### Work required
Your answer must contain only the lines from the one containing "19.35 grams" through the end of the entries below, reproduced character for character.

(Stored data)

******

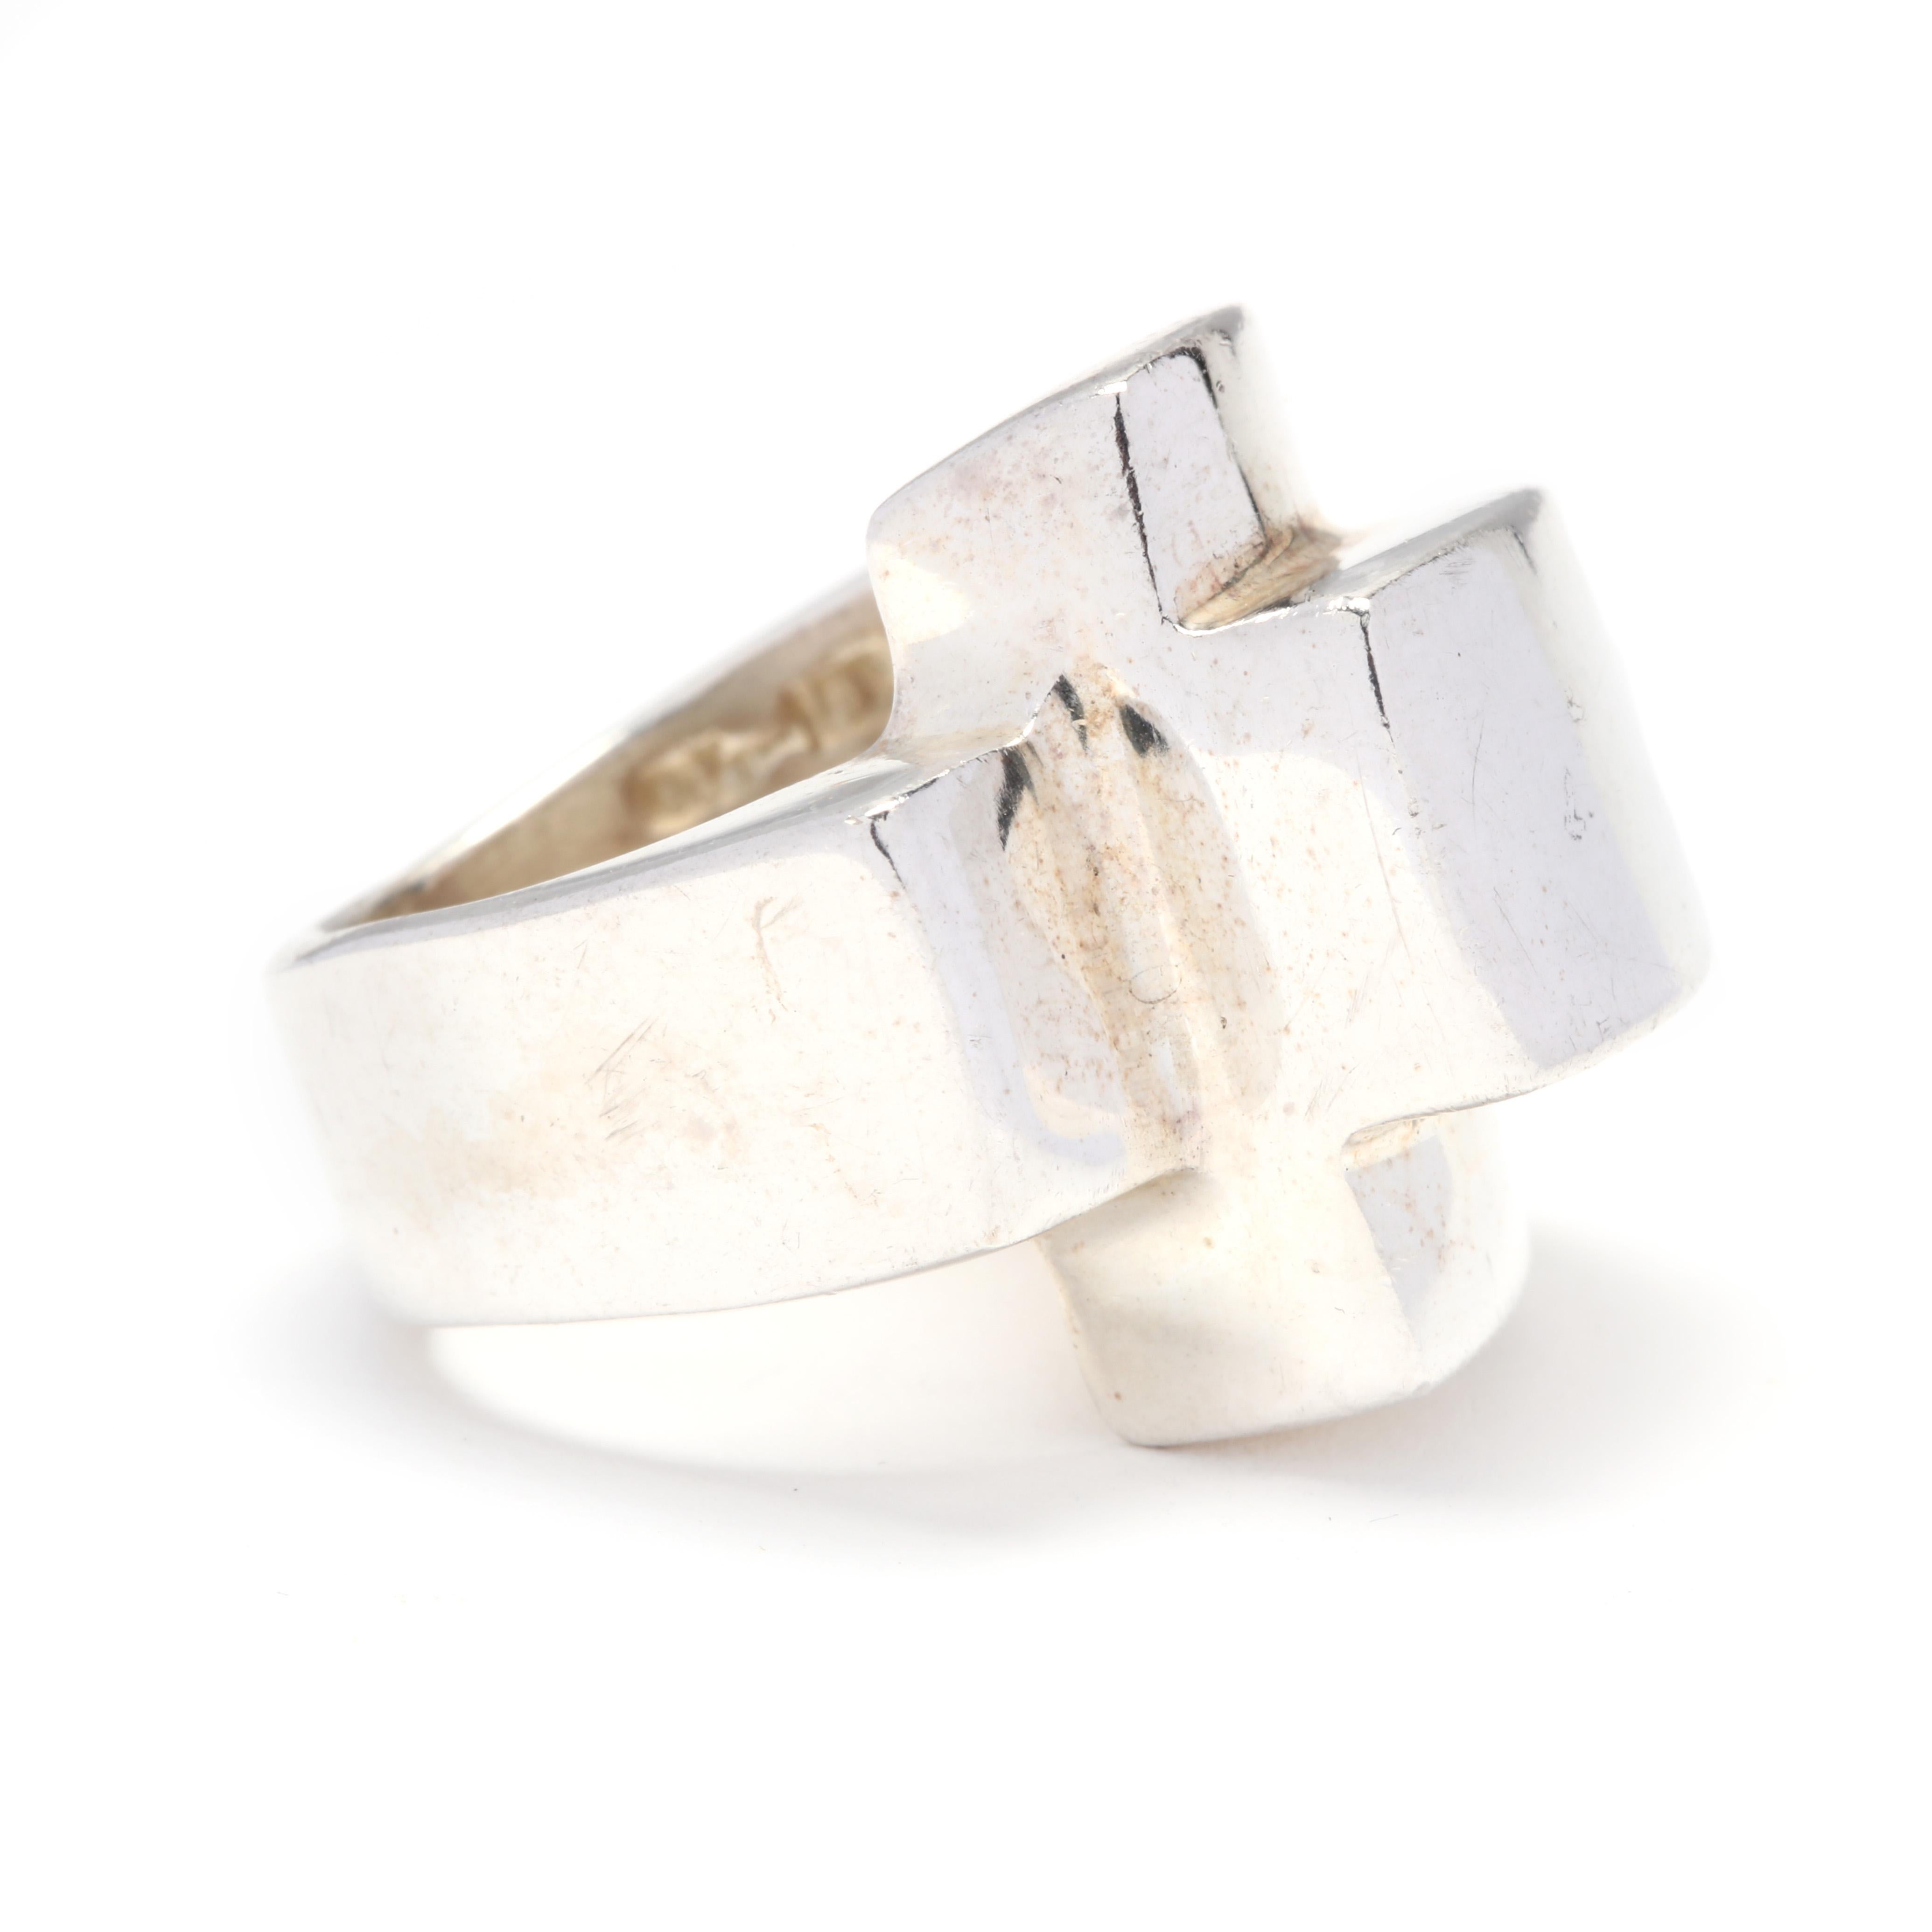 A sterling silver ridged statement ring. A domed ring with a rectangular ridged crossover motif and a tapered shank.

Ring Size 6.25

Length: 13/16 in.

19.35 grams

* Please note that this is a vintage item and may show signs of wear. It has been

******

### Exercise answer
19.35 grams

* Please note that this is a vintage item and may show signs of wear. It has been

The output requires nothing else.